Song by Buddy Miles

from the album More Miles Per Gallon
- A-side: "Rockin' and Rollin' on the Streets of Hollywood"
- B-side: "Livin' in the Right Space"
- Released: 1975
- Length: 5:03
- Label: Casablanca NB 839
- Composer: (Buddy Miles)
- Producer: Buddy Miles

US chronology
| "Pull Yourself Together" (1975) | "Rockin' and Rollin' on the Streets of Hollywood" (1975) | "Nasty Disposition" (1975) |

= Rockin' and Rollin' on the Streets of Hollywood =

"Rockin' and Rollin' on the Streets of Hollywood" was a 1975 song written, produced and recorded by Buddy Miles. It registered in multiple charts that year.
==Background==
According to Jess Nevitt of R&B Ingredients in Cash Box, Buddy Miles got the idea for the song when he was leaving Novato, California to come back to live in Los Angeles. Listening to the radio while driving back, Miles kept thinking about the words "rockin' n rollin'" over and over. Because he enjoyed hanging around Hollywood, the words streets of Hollywood were next to come into his thoughts. In addition to composing the song, Miles also produced the recording. Backed with "Livin' in the Right Space", a song that he co-wrote and co-produced with Ben Schultz, "Rockin' And Rollin' on the Streets of Hollywood" was released on Casablanca NB 839 in June 1975.

==Reception==
"Rockin’ And Rollin’ on the Streets of Hollywood" was one of the Cash Box Picks of the Week and reviewed in the 19 July issue. Calling it a five-star single, the reviewer noted the punching rhythm and floating phased guitar playing. Calling it a monstor, the record was said to have the potential to break big in the discos and pop markets nationally.

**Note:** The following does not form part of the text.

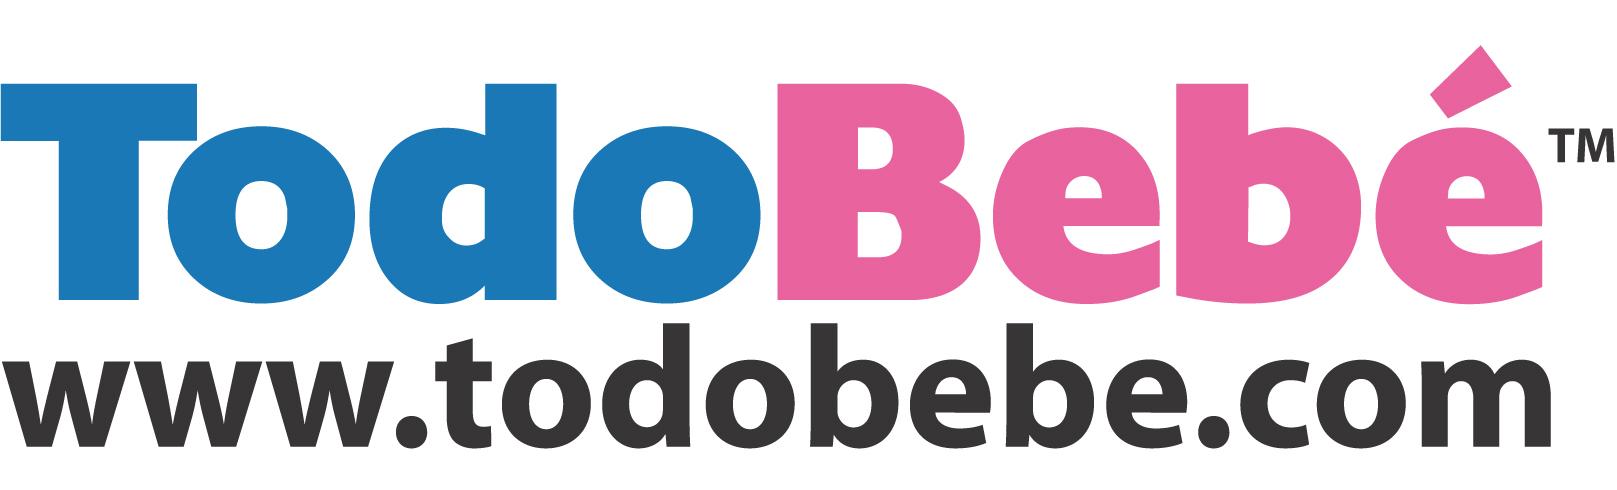 'Feria Todobebe en Walmart' Stops in Miami, Houston, LA & More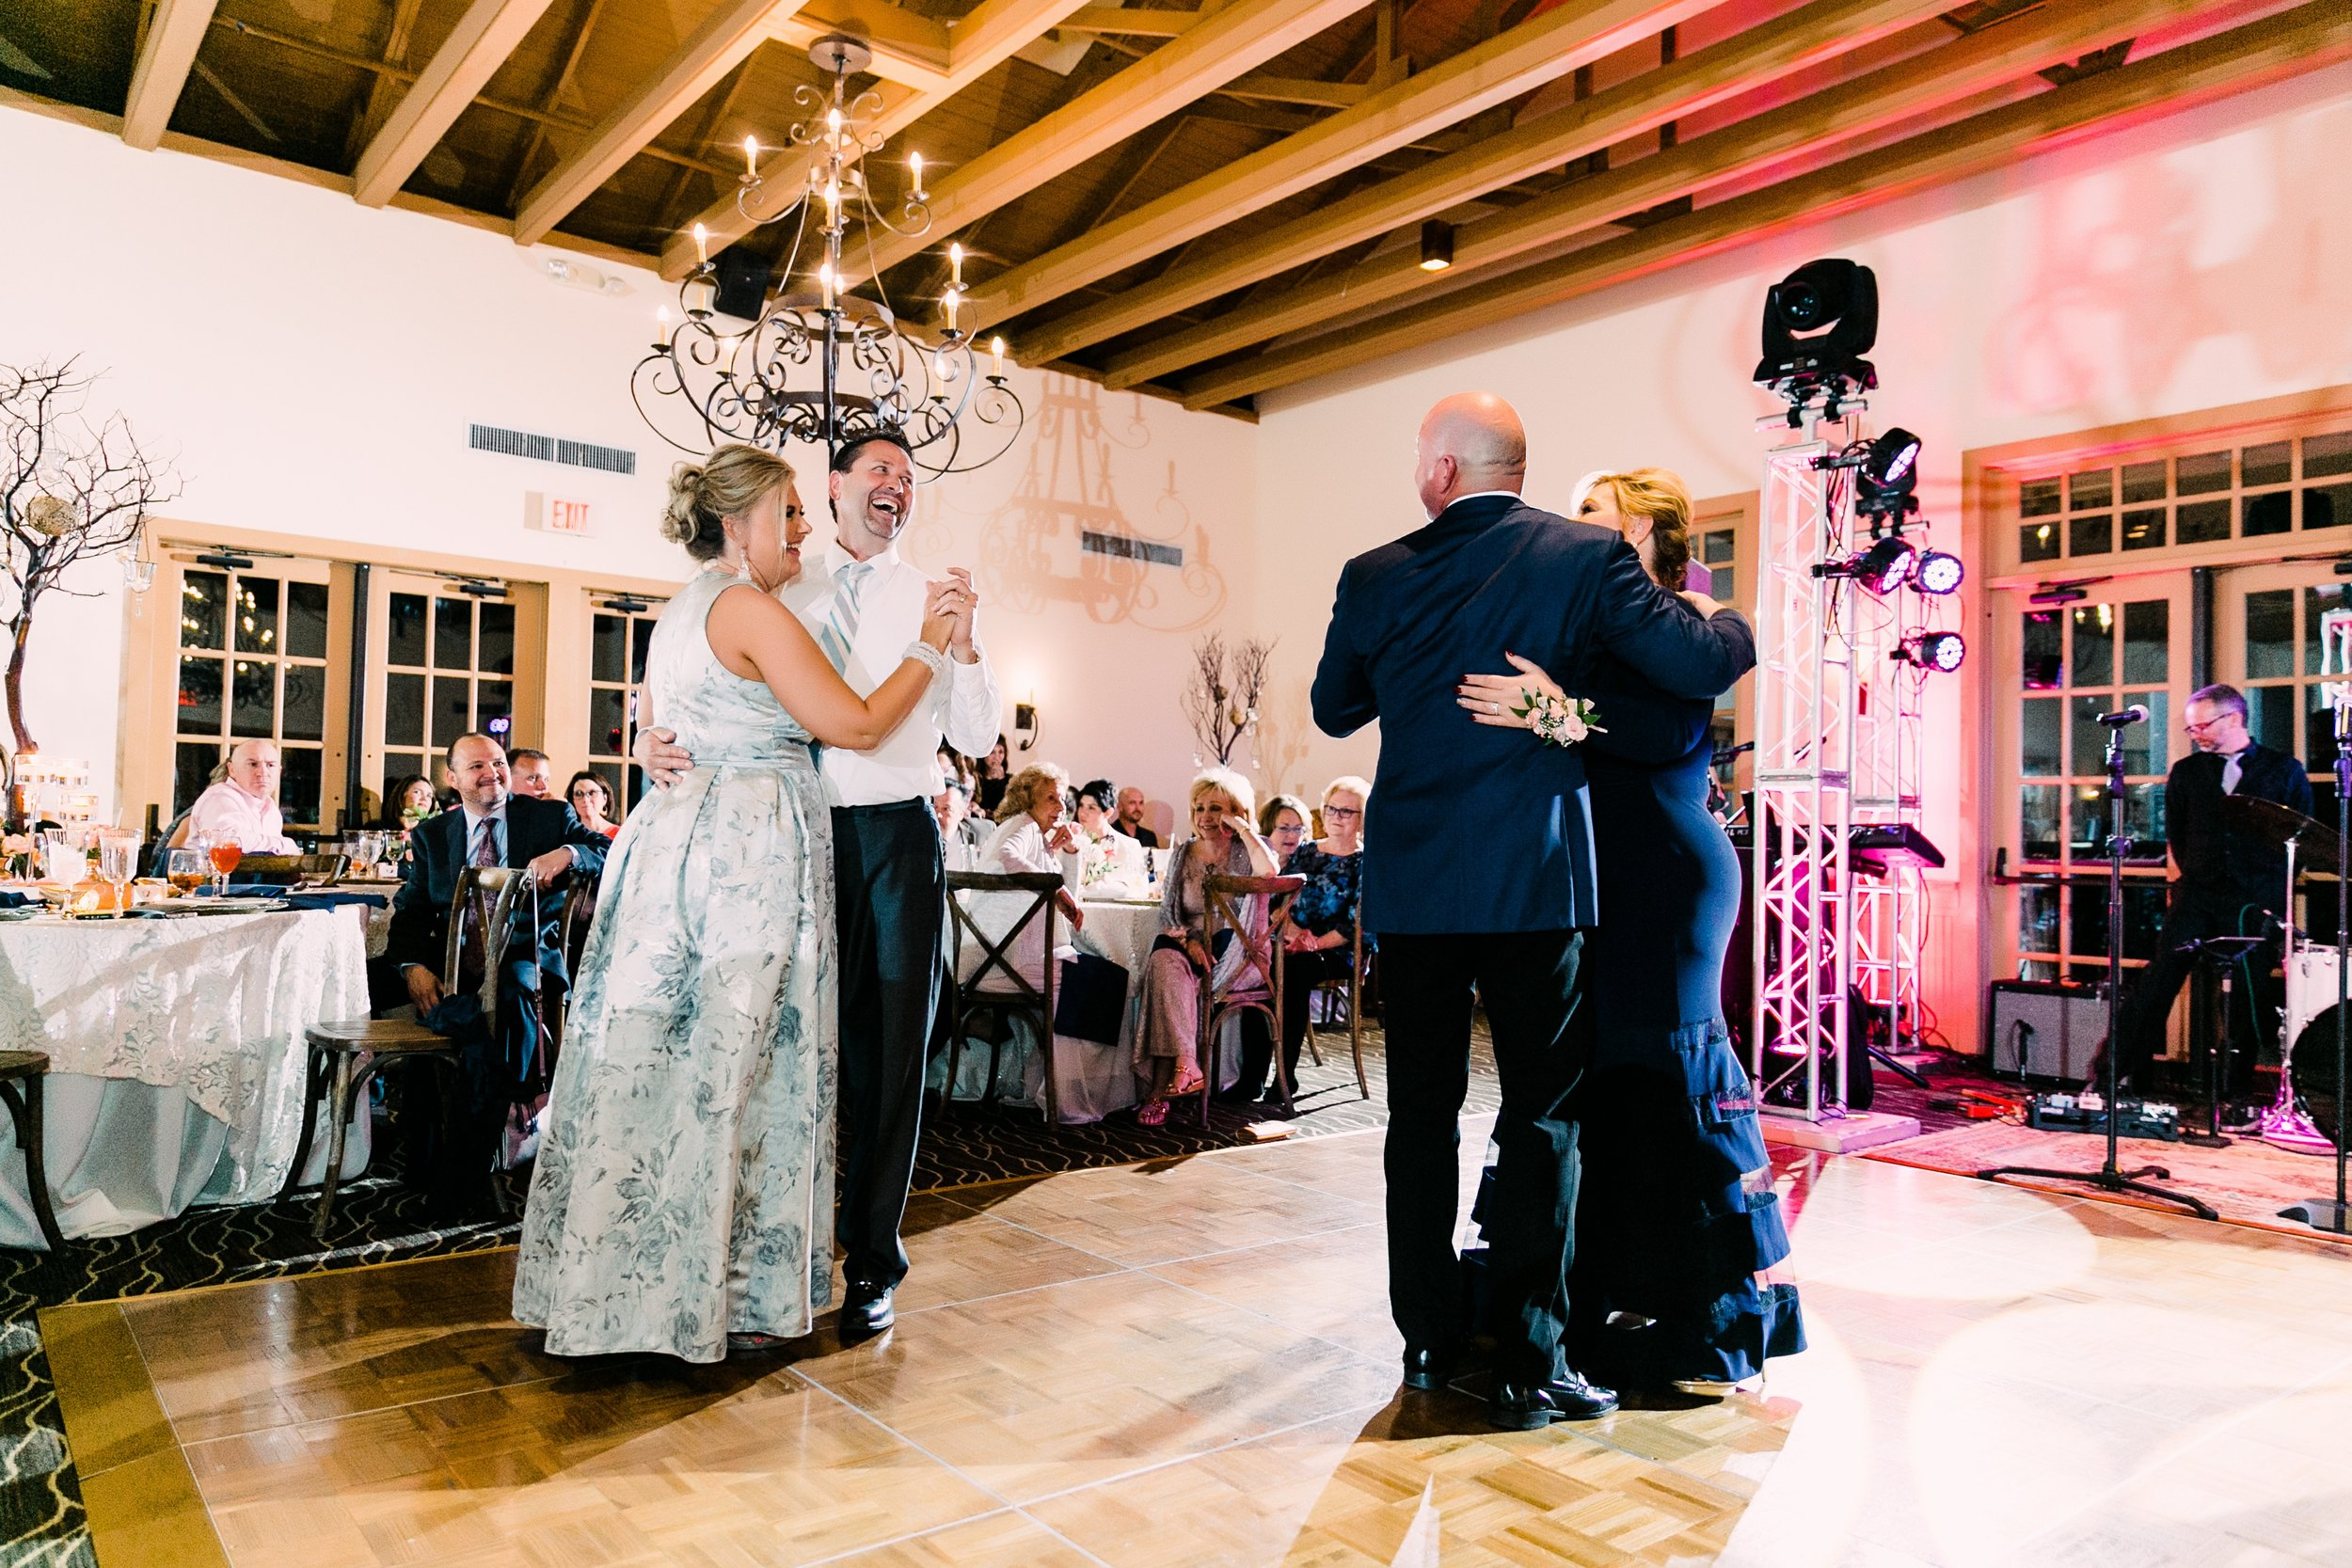 haehn-wedding-little-chapel-in-the-woods-denton-tx-lantana-golf-club-wedding-058.jpg

Along with "Eighteen with a Bullet" by Pete Wingfield, "Love Don’t Come No Stronger (Yours and Mine)" by Jeff Perry, "Chasing Rainbows" by Blue Magic, "Trying to Live My Life Without You" by Veniece and "How Long (Betcha’ Got a Chick on the Side)" by the Pointer Sisters, the Buddy Miles single was one of "Jess’s Ingredient Picks or Levitt Loves It" records for the week of 19 July.

The record was reviewed in the 26 July issue of Record World. It was one of the four sleepers. Calling it a "Hollywood Boogie for the whole country", the reviewer said that this was Miles' most commercial record. The concept was said to be very Kool & the Gang and Stevie Wonder but with Miles' own definite trademark.

In the 26 July issue of Cash Box, Jess Levitt wrote that the record featured some "great phase guitar work along with catchy lyrics and a good bump beat".

Jess Levitt wrote in his R&B ingredients (Cash Box 23 August) that Buddy Miles' album More Miles Per Gallon was getting tremendous airplay all over the US. He said that "Rockin' and Rollin' on the Streets of Hollywood" was his finest work since "Them Changes" and it should put a tiger in Miles' tank.

==Charts==
===Cash Box Looking Ahead===
"Rockin' and Rollin' on the Streets of Hollywood" debuted at No. 124 in the Cash Box Looking Ahead chart for the week of 30 August.
===Cash Box Top 100 R&B===
"Rockin' and Rollin' on the Streets of Hollywood" debuted at No. 95 in the Cash Box Top 100 R&B chart for the week of 30 August. It peaked at No. 37 for the week of 18 October.
===Cash Box Top 100 Singles===
"Rockin' and Rollin' on the Streets of Hollywood" debuted at No. 90 in the Top 100 Singles chart for the week of 13 September. It peaked at No. 80 for the week of 27 September.
===Billboard Hot 100===
"Rockin' and Rollin' on the Streets of Hollywood" made its debut at No. 94 in the Hot 100 for the week of 20 September. It peaked at No. 91.